As all of these comments are true, you should note that as far as ICANN approved Arabic (Persian) and Chinese characters to be registered as Domain Name, all of the browser-making companies (Microsoft, Mozilla, Apple, etc.) have to support Unicode in URLs without any encoding, and those should be searchable by Google, etc.
So this issue will resolve ASAP.
For me this is the correct way, This just worked:
$linker = rawurldecode("$link");
<?php echo $linker ;?>
This worked, and now links are displayed properly:
http://newspaper.annahar.com/article/121638-معرض--جوزف-حرب-في-غاليري-جانين-ربيز-لوحاته-الجدية-تبحث-وتكتشف-وتفرض-الاحترام
Link found on:
http://www.galeriejaninerubeiz.com/newsite/news
Use percent-encoded form. Some (mainly old) computers running Windows XP for example do not support Unicode, but rather ISO encodings. That is the reason percent-encoded URLs were invented. Also, if you give a URL printed on paper to a user, containing characters that cannot be easily typed, that user may have a hard time typing it (or just ignore it). Percent-encoded form can even be used in many of the oldest machines that ever existed (although they don't support internet of course).

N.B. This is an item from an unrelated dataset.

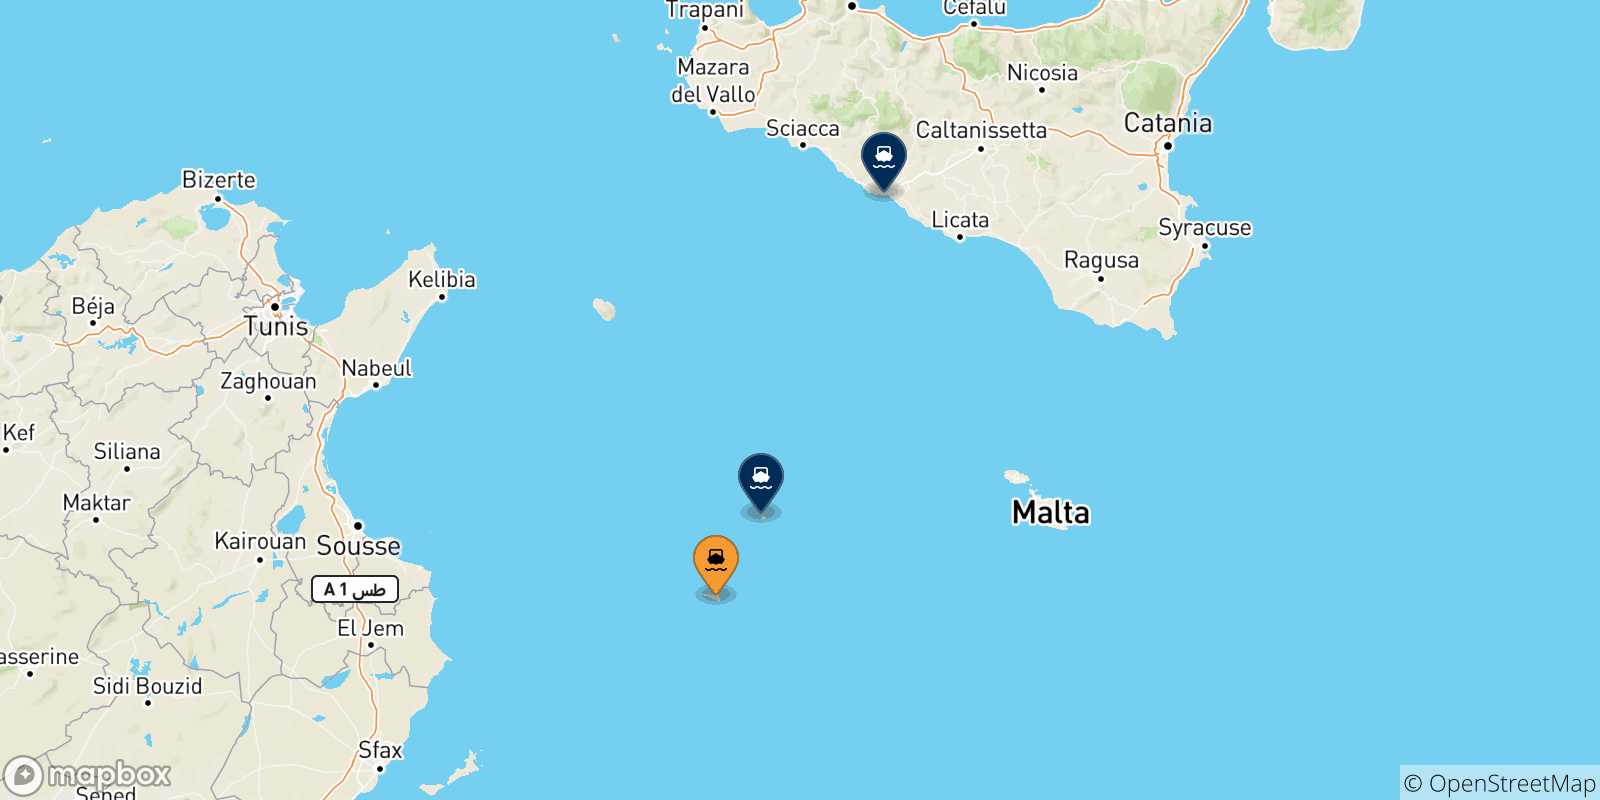 Mappa delle possibili rotte tra Lampedusa e l'Italia

There is a downside though, as percent-encoded characters are longer than the original ones, thus possibly resulting in really long URLs. But just try to ignore it, or use a URL shortener (I would recommend goo.gl in this case, which makes a 13-character long URL). Also, if you don't want to register for a Google account, try bit.ly (bit.ly makes slightly longer URLs, with the length being 14 characters).